Senate moves to protect whistleblowers, decries poor funding of Christian pilgrims commission
The Senate has approved further consideration of a bill seeking protection of persons making disclosures in public interest, otherwise known as whistleblowers.
During the debate that preceded the approval for second reading yesterday, the sponsor of the bill titled, “A Bill for an Act to Protect Persons Making Disclosures for Public Interest and Others from Reprisals, 2016 (SB.158),” Senator Abiodun Olujimi, PDP Ekiti South, said when passed into law, the bill seeks to protect persons making disclosures in public interest from reprisals. It would also provide for the matters disclosed to be properly investigated and dealt with and for other purposes related therewith.

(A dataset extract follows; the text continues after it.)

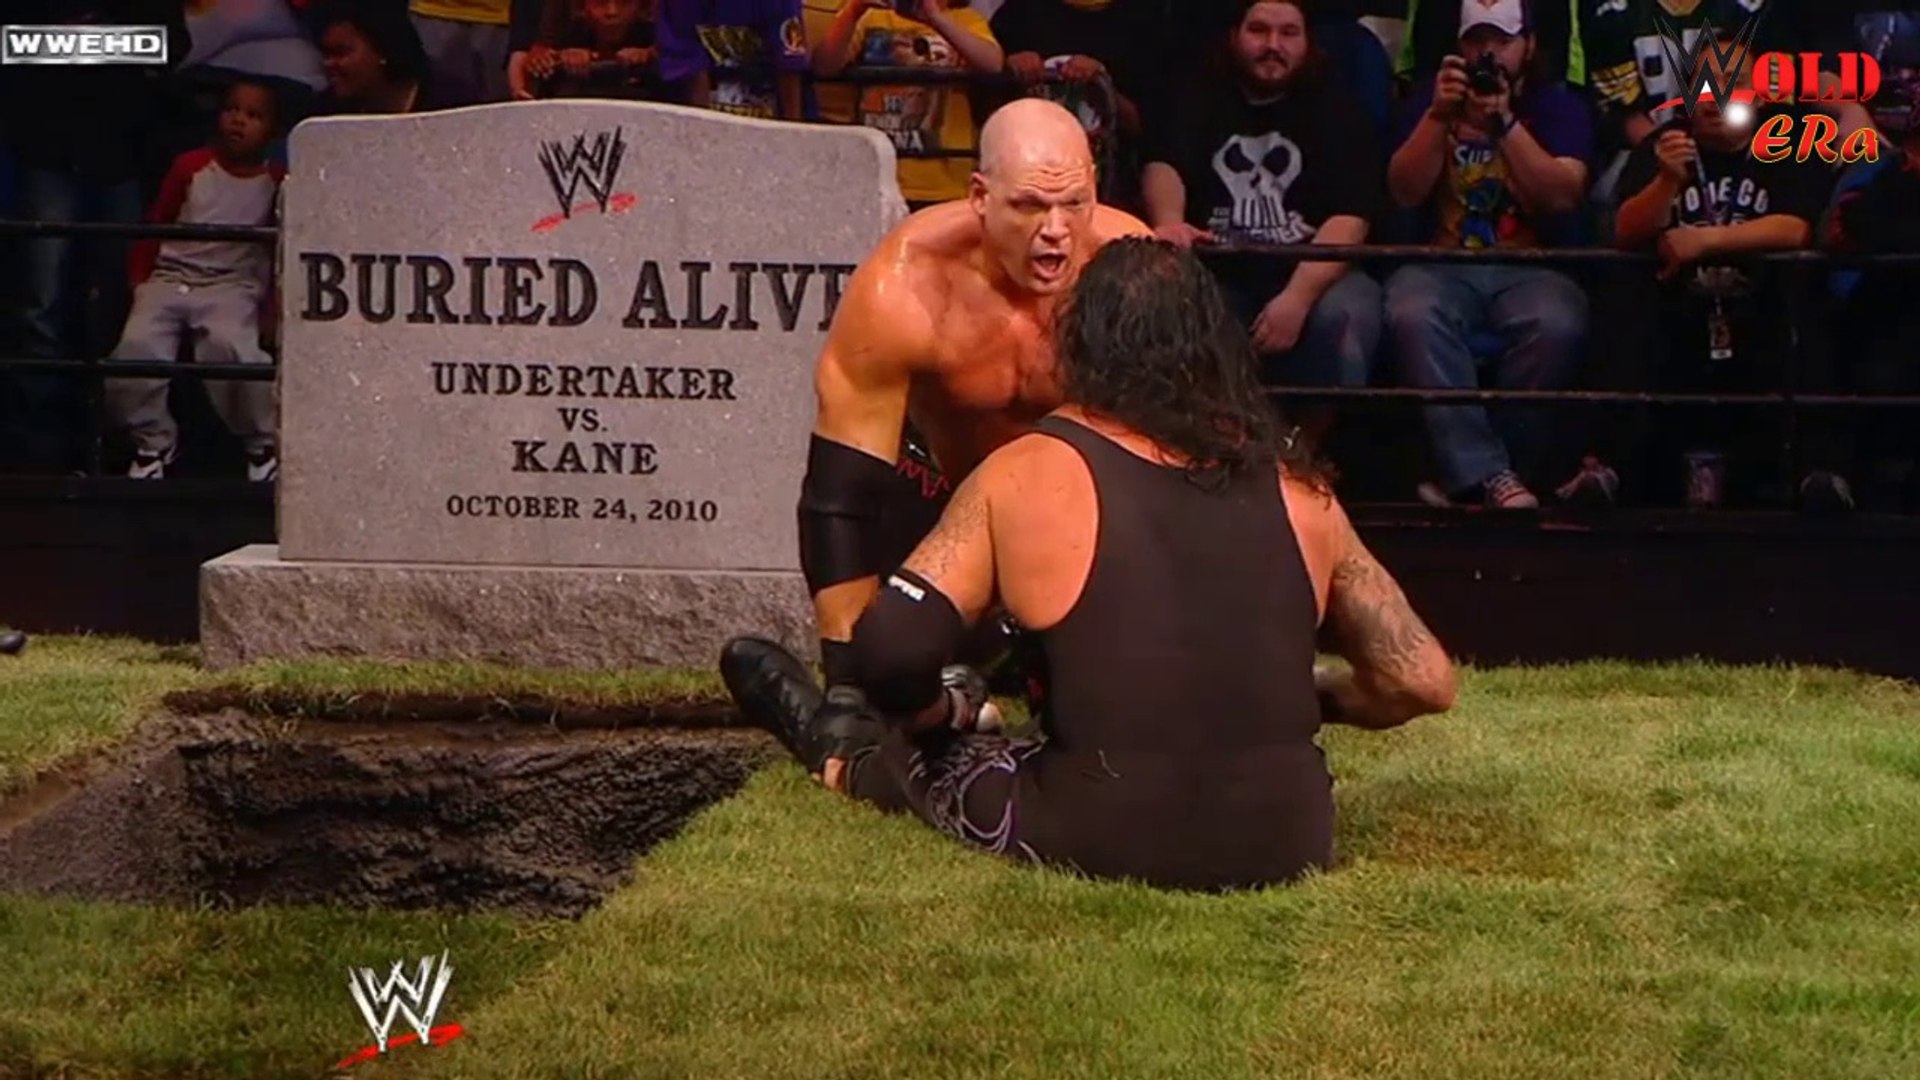 Buried alive match undertaker vs kane

According to Olujimi, “The level of profligacy in the public sector as exposed by one Mr. Nicholas Edwards, a staff member of the Ministry of Aviation has brought to the fore the importance of whistle-blowers in Nigeria. Mr. Edwards was not only fired but has been on the run since the report got to the public domain.”
“In August 2011 a staff member of the National Women Development Centre, Abuja was dismissed from service for exposing the embezzlement by top officials of the N300 million allocated for poverty alleviation programme,” she explained.
In another development, the Senate Committee on Foreign Affairs yesterday paid an oversight visit to Nigeria Christian Pilgrims Commission (NCPC) in Abuja, during which it decried the allocation of N54 million to the commission in the 2016 budget.
The Executive Secretary of the Commission, Reverend Tor Uja, had told the committee that it was financially constrained as a result of poor funding.
Responding, Chairman of the Foreign Affairs Committee, Senator Monsurat Sunmonu, assured the NCPC of Senate’s readiness to address the issue in the 2017 budget proposal when forwarded to the National Assembly.